Datuk Ewon Ebin (born 26 June 1954) is a Malaysian politician who served as the Minister of Science, Technology, and Innovation and represented Ranau as the Member of Parliament of Malaysia from 2013 to 2018.

He is the former Vice President of the United Progressive Kinabalu Organisation (UPKO), a political party in the state of Sabah, which he was one of the founders 26 years ago. He left UPKO in February 2020, citing that the party leadership had derailed from its original objectives and failed to protect the welfare of its members, the indigenous Sabahans, and other Malaysians from Sabah. His resignation leads 5,000 UPKO members to quit the party, including committee members from the Ranau division.

In March 2020, Datuk Ewon Ebin declared that he will be joining Parti Gagasan Rakyat Sabah (PGRS) under the leadership of former federal minister Datuk Seri Panglima Anifah Aman.
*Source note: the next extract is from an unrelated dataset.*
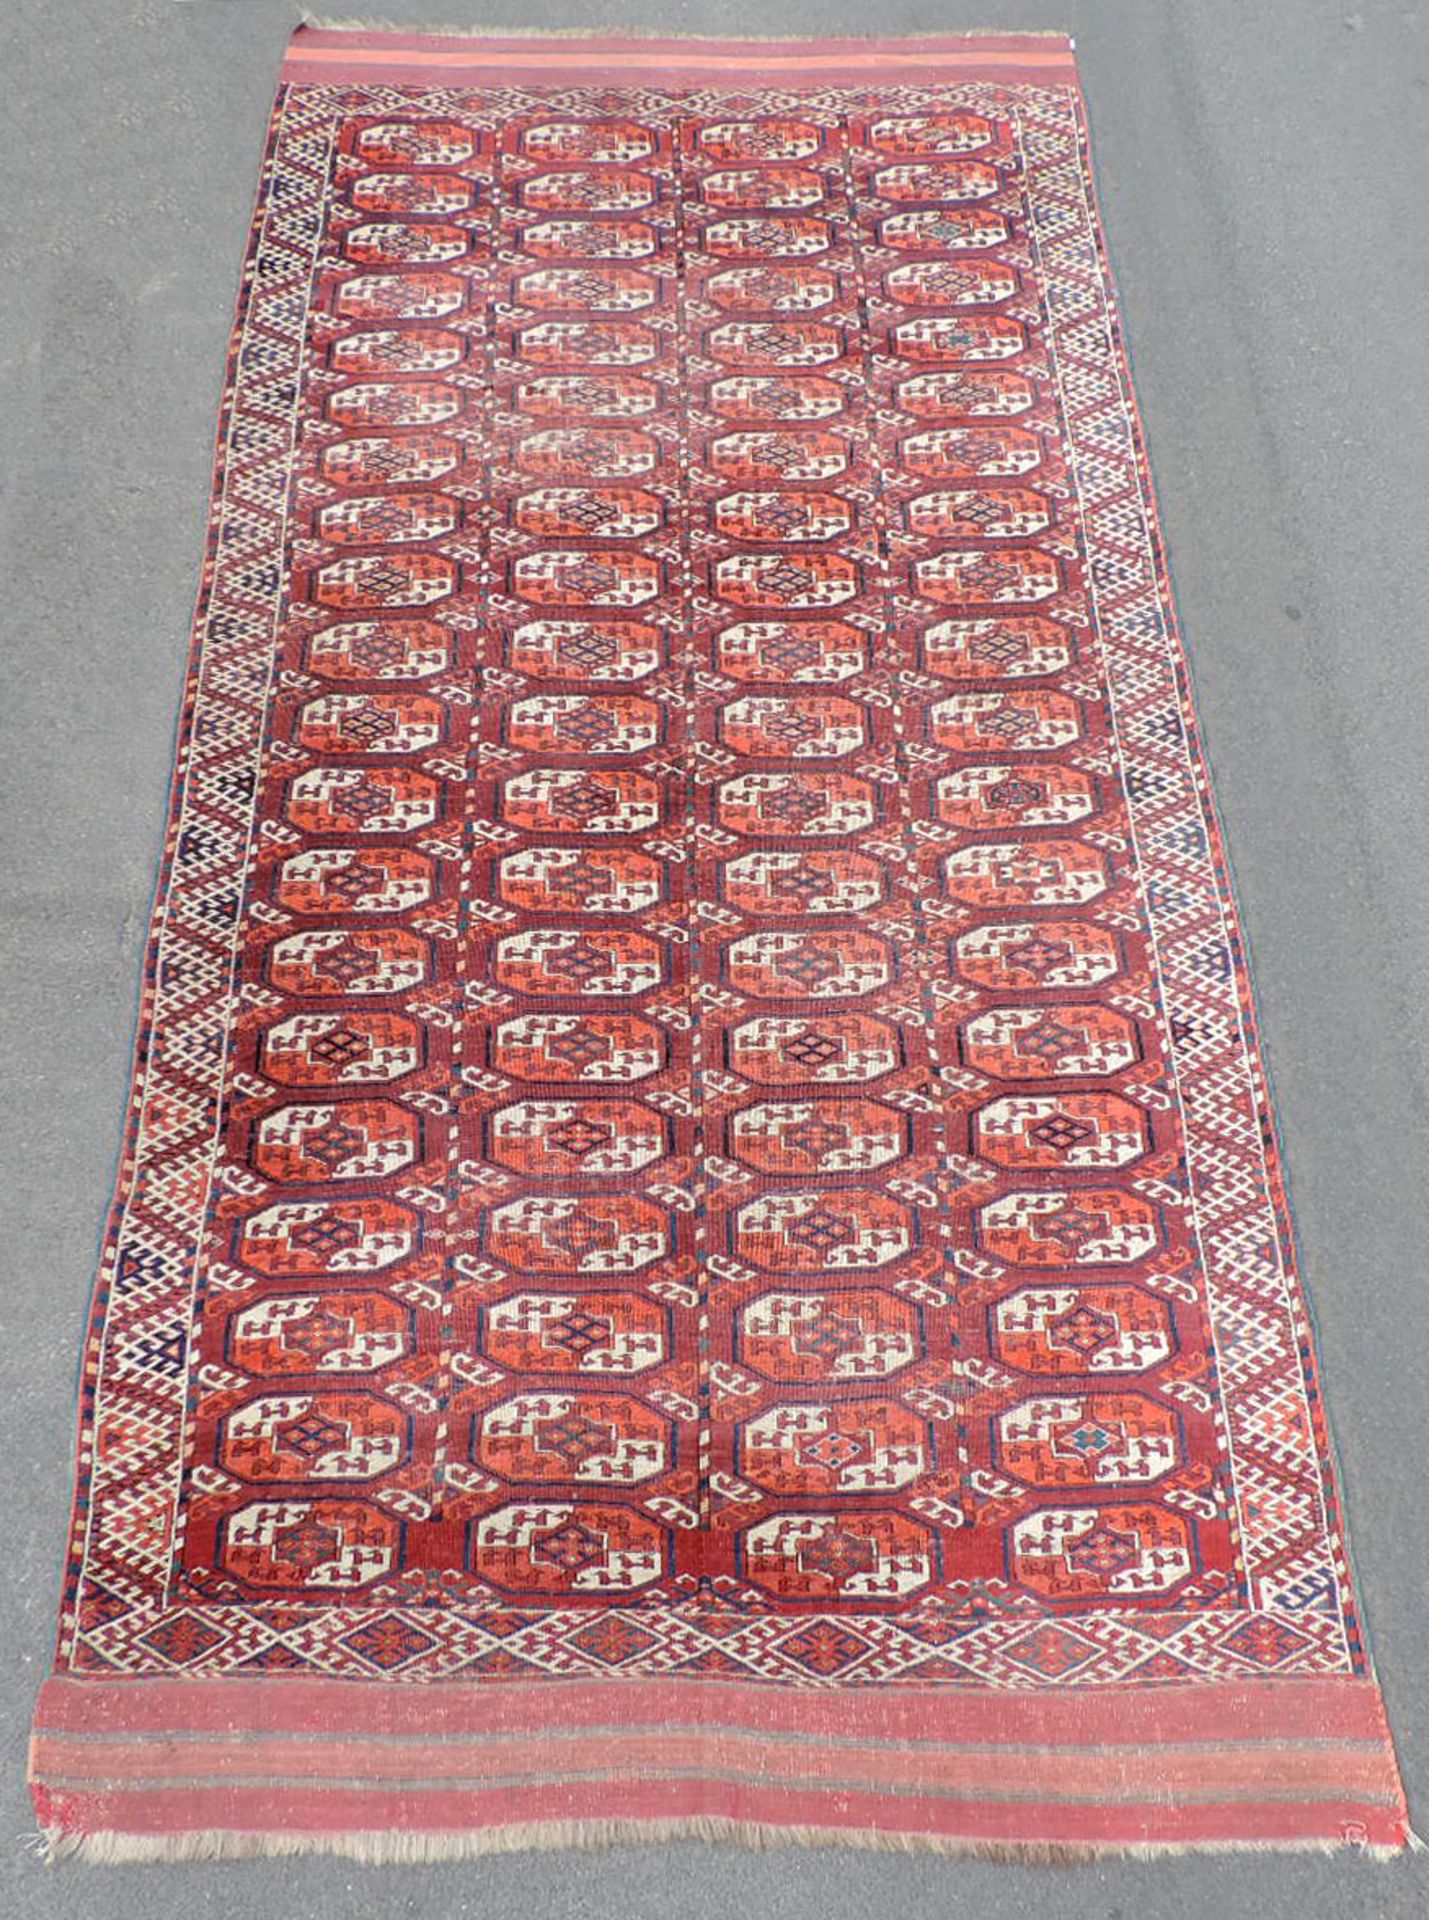 Kizil Ayak Hauptteppich. Turkmenistan, antik, um 1850.427 cm x 200 cm insgesamt. Handgeknüpft, Wolle

He is very interested in the problems of natives in Sabah. His thesis at the University of Malaya 1978 was 'A Ranau Dusun Traditional Law Study in Sabah on Marriage, Divorce and Heritage' was one of his contribution.

Personal life 
Ewon was born and raised in Bundu Tuhan, Ranau. A village located at the foot of the tallest mountain in South East Asia, The Mount Kinabalu. He is married with six children and has a Bachelor of Legislative Law (LLB) conferred by the University of Malaya. After graduation, he became a lawyer and owned a Law Firm, Tetuan Vitales Ewon & Co, in Kota Kinabalu. In 1979, Datuk Ewon was appointed as a First Class Magistrate, which he served for more than five years.

Government career 
Datuk Ewon held several government positions. Between 1985 and 2001, he served as the Chairman of Sabah Rubber Fund Board, Chairman of Permodalan Bumiputra Sabah, Director of Sabah Bank and Deputy Chairman of Sabah Economic Development Corporation (SEDCO).

Political career

Member of the Sabah State Legislative Assembly 
Datuk Ewon's political career began to shine when he was at the age of 31. He won the Sabah State Legislative Assembly for N.13 Kundasang in the year 1985 under Parti Bersatu Sabah (PBS), which he held the position for almost 15 years.
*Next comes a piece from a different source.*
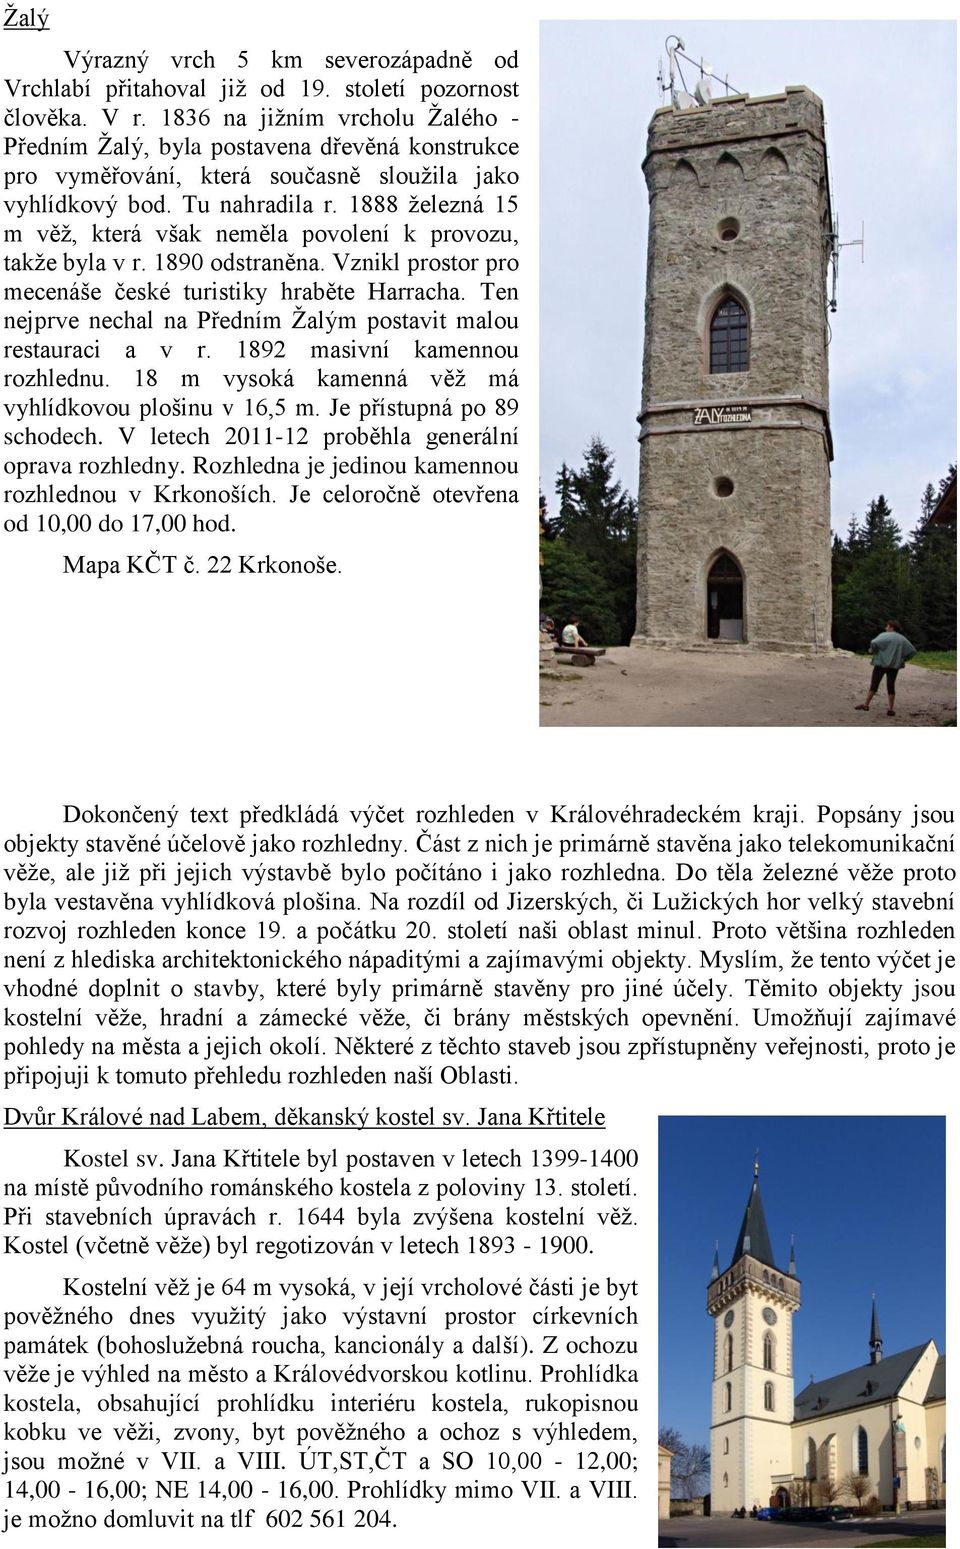 1888 železná 15 m věž, která však neměla povolení k provozu, takže byla v r. 1890 odstraněna. Vznikl prostor pro mecenáše české turistiky hraběte Harracha.

From 2004 to 2013, he became the first Member of the Sabah State Legislative Assembly for N.31 Paginatan through United Progressive Kinabalu Organisation. UPKO is another political party in Sabah, which he founded together with Tan Sri Bernard Dompok and other former leaders from Parti Bersatu Sabah.

During his time as a Member of the Sabah State Legislative Assembly, Datuk Ewon Ebin has held various positions in Sabah State Government. Beginning by serving the State as:

 Assistant Minister of Local Government and Housing
 Assistant Minister of Tourism and Environment
 Assistant Minister of Industrial Development

In 2004, Datuk Ewon was appointed by the Chief Minister of Sabah as Minister of Industrial Development. After serving the position for a term, he was assigned to another portfolio as the Minister of Rural Development until the 2013 General Election.

Federal parliamentarian 
In the 2013 general election, Datuk Ewon was elected to the federal Parliament for the seat of P.179 Ranau in the state of Sabah. In his first term in parliament, he was selected to become one of the Prime Minister's Cabinet Minister. He served as the Minister of Science, Technology, and Innovation of Malaysia.

Parti Cinta Sabah (PCS)

On 17 December 2021, he resigned as Vice-President and member of PCS along with many of its leaders, resulting in mass resignations. He stated that the party was disorganised and inactive.

Issues

Illegal immigrants issues 
On 11 January 2009, Sabah Industrial Development Minister Ewon reminded the JKKK about the tactics of illegal immigrants using a fake identity card to steal the aid of the native hardcore poor. Through home visits, the relevant parties can check the actual level of the applicant's poverty thus ensuring that their documents are valid or otherwise.

Rural aid 
On 30 April 2010, Ewon as Sabah Rural Development Minister was present at the Sabah Sejahtera Award at Kampung Mansiang Community Development Center, Menggatal. Also present were Assistant Minister of Resources Development and Information Technology Development, Jainab Ahmad and Permanent Secretary of the Ministry of Rural Development, Ghulam Jelani. The winner is Kampung Tanjung Bulat, Kinabatangan - the state-level Sabah Sejahtera Award winner. Entilibon Village, Tongod (runner up) and Kampung Babagon Penampang (third). All winners receive prizes in the form of a project grant of RM50,000 for the champion, RM40,000 (runner-up) and RM30,000 (third).

Elections 
Since 1985, Ewon has been contesting in the Sabah election in Kundasang. In 1985 Ewon won with a majority of 939 votes. In the 1999 Election, Ewon was opposed by Ramdi Indang (Allied); Karim Bin Adam (PBS) and Benjimin Yasin (Setia). Kundasang's jurisdiction had 11,539 votes.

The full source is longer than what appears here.